Moreover, both genes, CD37 and CSK, have been implied in cell death inhibition31,32,33 and their overexpression in VLBW infants with Gram-positive sepsis could constitute a protective factor. Furthermore, the overexpressed MAGT1 gene (alpha-1,3-mannosyl-glycoprotein 2-beta-N-acetylglucosaminyltransferase) in Gram-positive septic neonates implies the triggering of an effective cell migration, inflammatory response, and immune response.34,35 In addition, SH2D3C (known as NSP3) is a MAP kinase substrate that plays an important role as a regulator of lymphocyte adhesion in the integrin activation pathway. The overexpression of this gene, which is involved in the apoptotic process,36 could imply a better response against infection in the Gram-positive group.

Cytokines have a crucial role in the complex pathophysiology underlying sepsis.6 They are important mediators in the metabolic response to stress or infection and efficiently coordinate the defense mechanisms against invading pathogens.37,38,39,40,41

In the present study, we have evidenced a different host response elicited by Gram-positive or Gram-negative bacteria. Our results show that VLBW infants with sepsis caused by Gram-positive bacteria activate metabolic and immunomodulating responses that translate into a balanced clinical pro- and-anti-inflammatory response. The overexpression of genes such as CD37 and CSK effectively attenuates cytokine production and cell death in Gram-positive as compared to Gram-negative infection.
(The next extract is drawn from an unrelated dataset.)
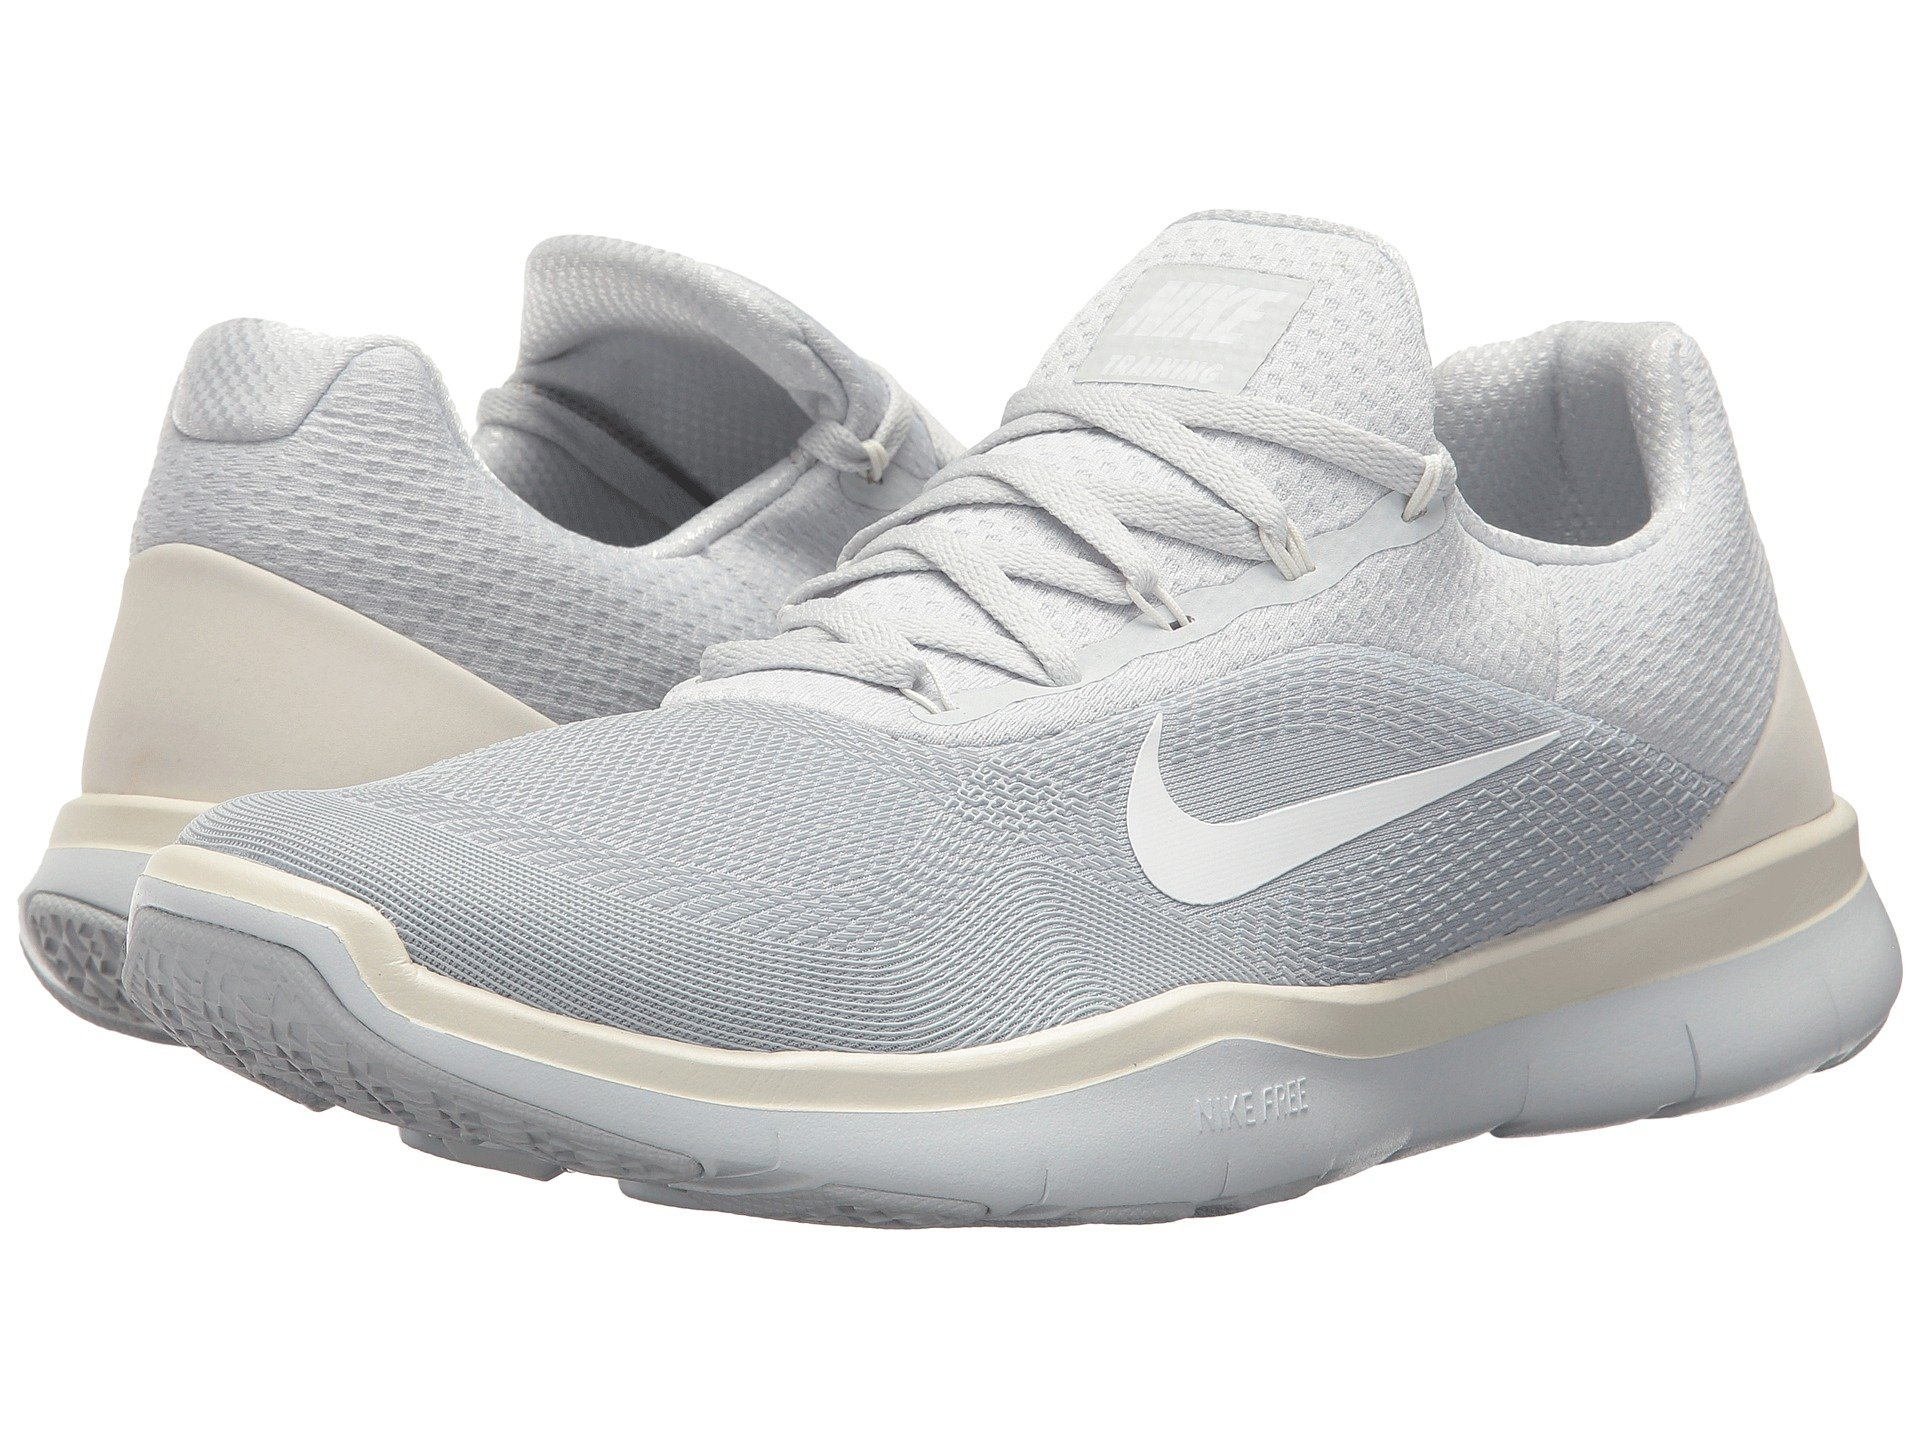 2945697d4f92 Nike Free Trainer V7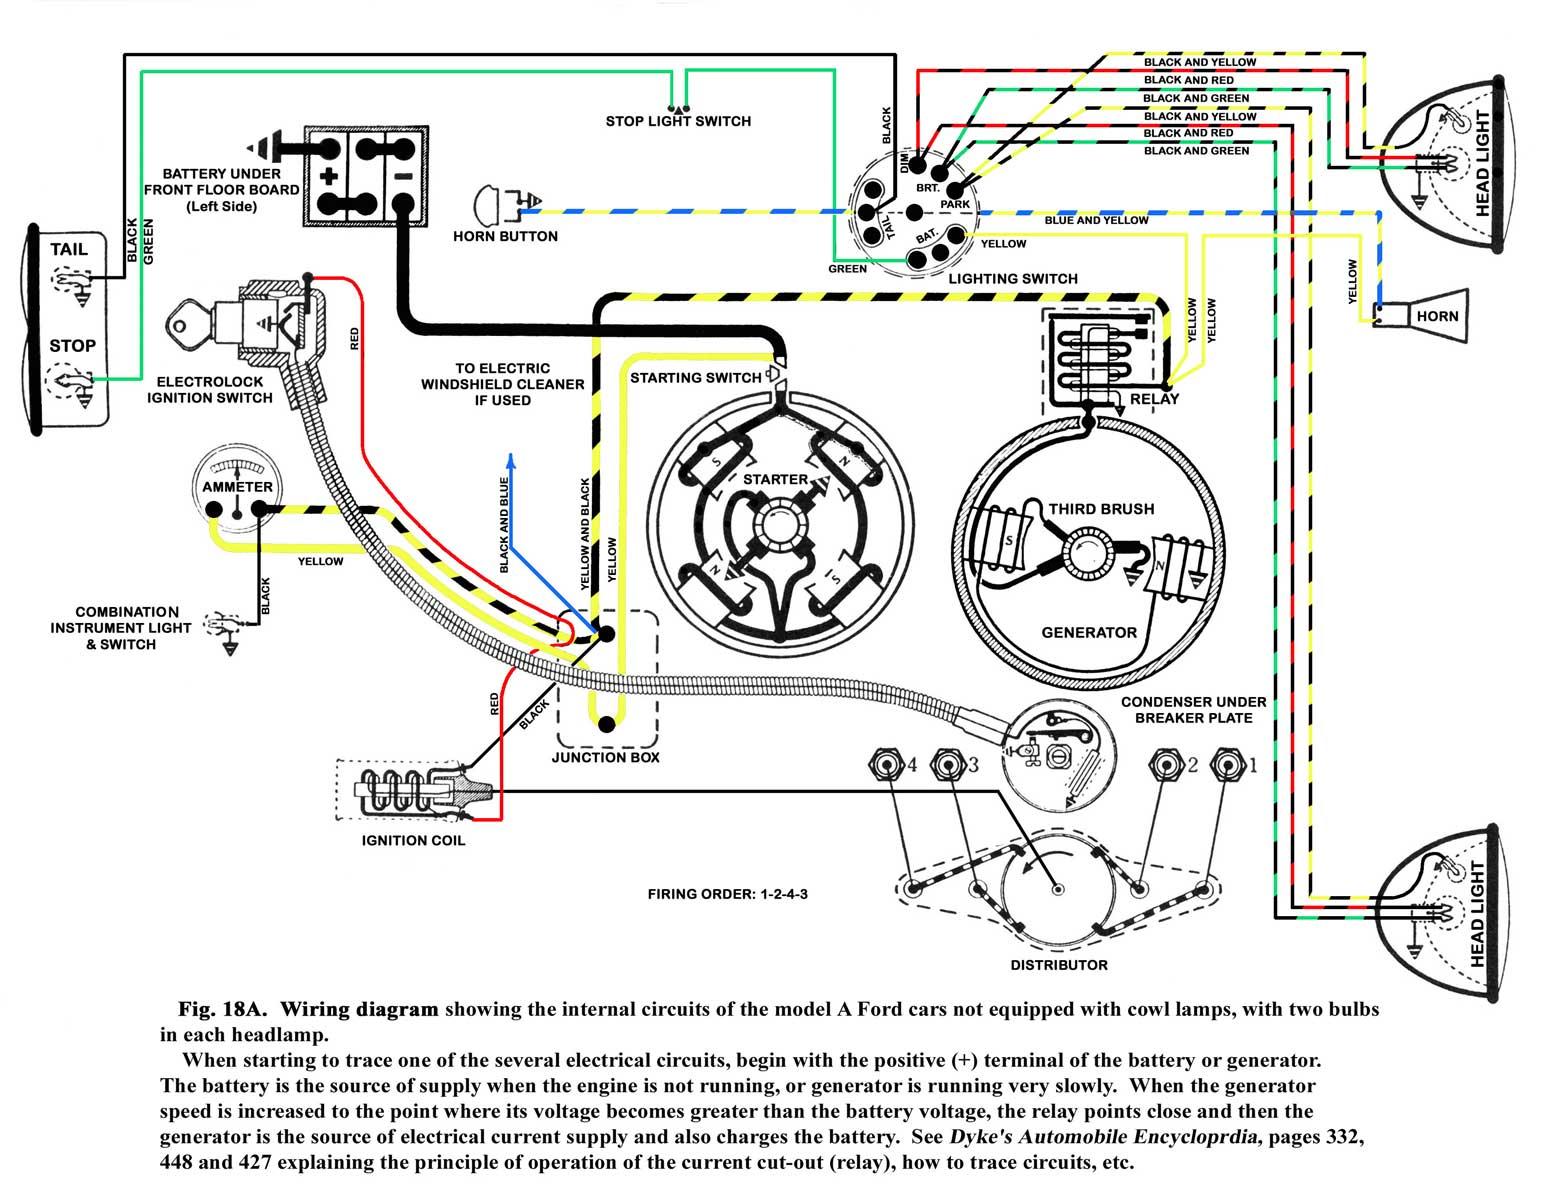 hight resolution of ford flathead 12 volt wiring schematic wiring diagramford f1 12 volt generator wiring diagram wiring diagram

The attenuation of the inflammatory response mediated by cytokines in infections caused by Gram-positive bacteria could explain the lower incidence of septic shock and subsequent mortality.

Our study has some limitations. The sample size was small; however, we were able to find different signature between groups. We validated the significant genes with a RT-PCR and also with a mathematic model; nevertheless, further validation in independent cohorts would be interesting to ensure the reproducibility of these results.

In addition, we found a higher proportion of EOS in the Gram-negative group. However, this difference did not reach statistical significance. In previous studies, postnatal age could seem to have influence in the host response to sepsis.7,10 However, in our study after performing PCA, patient’s samples clustered as being Gram-negative and Gram-positive. Importantly, EOS and LOS were indistinctly identified within the two main Gram clusters. Therefore, we attributed the gene expression pattern differences to the causative agent and not to the timing of sepsis diagnosis.

We conclude that the transcriptomic analysis may be helpful to differentiate between the Gram-positive and Gram-negative infections. In addition, it may also help to design more specifically targeted, personalized, and effective therapies.